LD varies across human populations, however, with populations that possess a greater diversity of haplotypes having a lower probability that a genotype at one site on the genome will be informative about other nearby sites. In parallel with the decrease in genetic diversity with increasing distance from Africa, a decrease in haplotype diversity and a concomitant increase in LD exist with increasing distance from Africa (Conrad et al. 2006; Jakobsson et al. 2008; Li et al. 2008). This pattern has had the consequence that sets of tag SNPs used in early GWA studies are less successful in tagging genetic variants in low-LD African populations at the source of the serial founder human expansion (Figure 2), generating reduced potential for uncovering disease associations in these groups (Conrad et al. 2006; Debakker et al. 2006).
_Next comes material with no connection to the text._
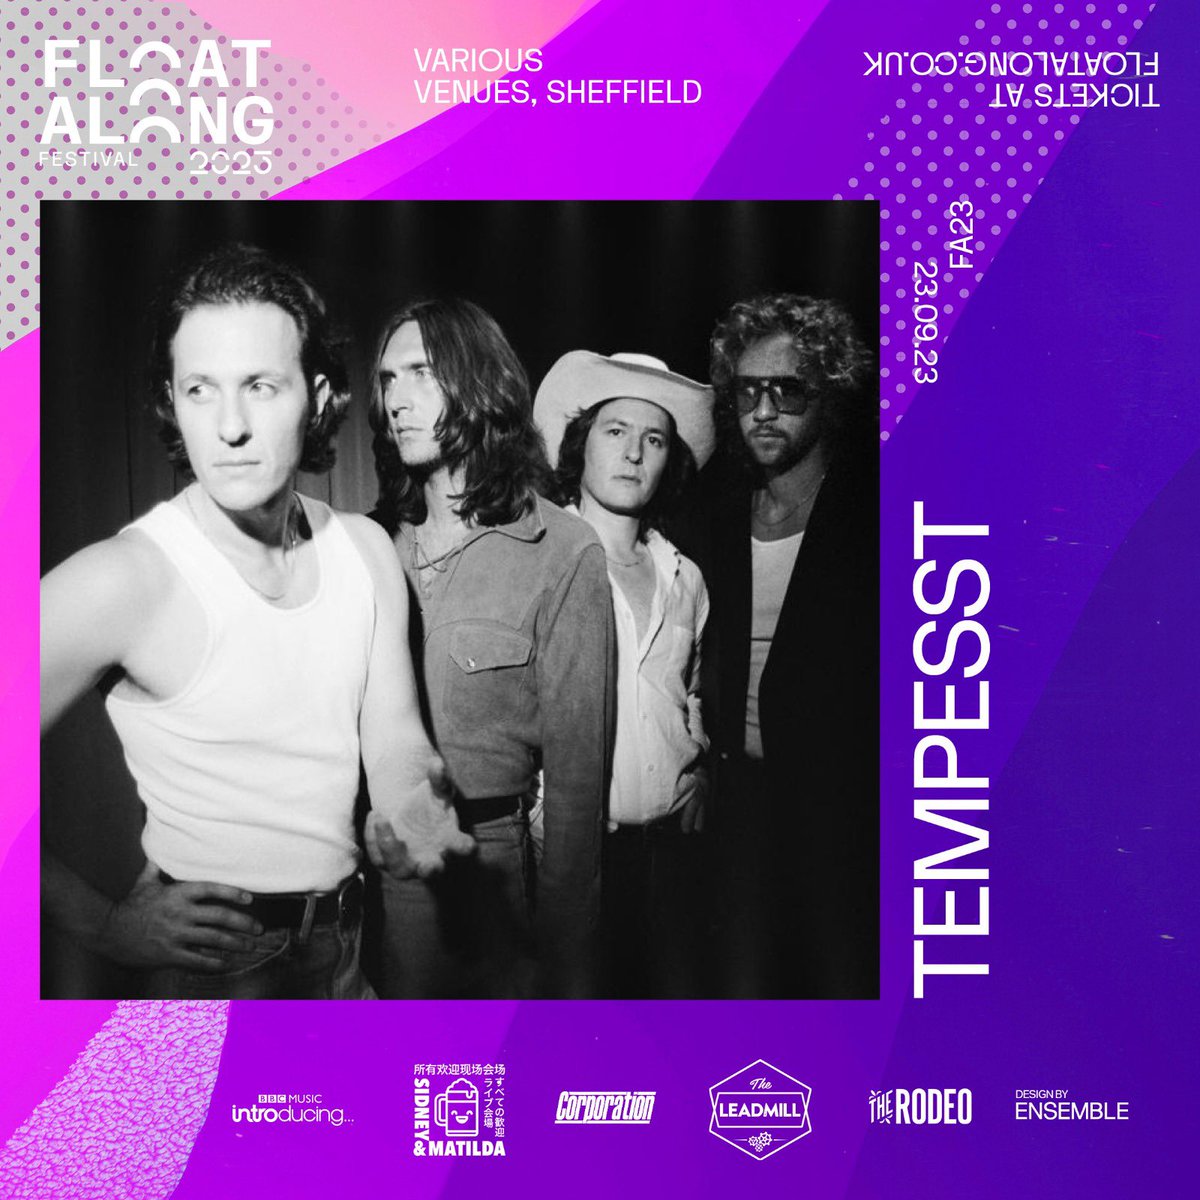 We’re delighted to have @TempesstBand bring there psych infused rock to Float Along this Sept Their two albums have been a constant presence in F.A towers, with their latest record “Prisoner Of Desire” having been released back in March.

The problem has persisted as tag-SNP approaches have been replaced with genotype imputation studies, which rely on LD to impute unmeasured genotypes that can be tested for disease association in a similar manner to genotypes that have actually been measured: low-LD African populations generate lower imputation accuracy (Huang et al. 2009, 2011).
The heterogeneity in genetic diversity, as reflected in the low LD for African populations and its consequences in generating relatively low tag-SNP “portability” and genotype imputation accuracy, has rendered African genomes comparatively less well suited to GWA studies based on LD. Partly as a result of this phenomenon, GWA studies have been implemented unevenly across human populations, generating concerns that the benefits of human genetics research will not accrue equally in different groups (Need and Goldstein 2009; Rosenberg et al. 2010; Bustamante et al. 2011). Most GWA studies have focused on populations of European ancestry, and other populations have been underrepresented, quite dramatically in some cases.
Differences in genetic diversity that have influenced GWA studies have interacted with sociological factors in the scientific community that have also prioritized the use of European samples (Rosenberg et al. 2010; Teo et al. 2010). Because GWA studies are expensive, early studies focused on a small number of populations for which shared sets of genomic resources—standardized marker panels, shared controls, and shared databases of densely genotyped samples with deep characterization of genetic variation—could be generated. Well-developed networks of investigators in countries of Europe and North America with the resources to conduct GWA studies generally had easiest access to patient populations of European descent, further contributing to an emphasis on these populations in early studies. Though the incorporation of non-European populations has increased, initial inequalities across populations in GWA representation have persisted because subsequent investigations continue to build on patient populations, funded projects, and researcher networks from earlier studies (Burchard 2014).
This interaction of a form of genetic diversity and societal variables in the structure of the scientific research enterprise has led to a situation in which one estimate recorded 96% of GWA subjects as having European ancestry (Bustamante et al. 2011). Though this disparity has a basis partly in variation in access to populations generated by the structure of scientific collaboration networks and the distribution of research funding, it has been exacerbated by considerations of genetic diversity; indeed, a feedback loop exists between differences in societal variables and genetic diversity phenomena because initial differences among populations in practical and technical feasibility have contributed to overemphasis on European populations in developing technical capabilities, making further European overrepresentation enticing to researchers and funding panels. In parallel with the variation across populations observed in the familial identification and bone marrow transplantation scenarios, a consequential practical difference across populations in representation in genomic studies arises from the interaction of genetic diversity with social factors.
An Effect of Genetic Diversity on Economic Development?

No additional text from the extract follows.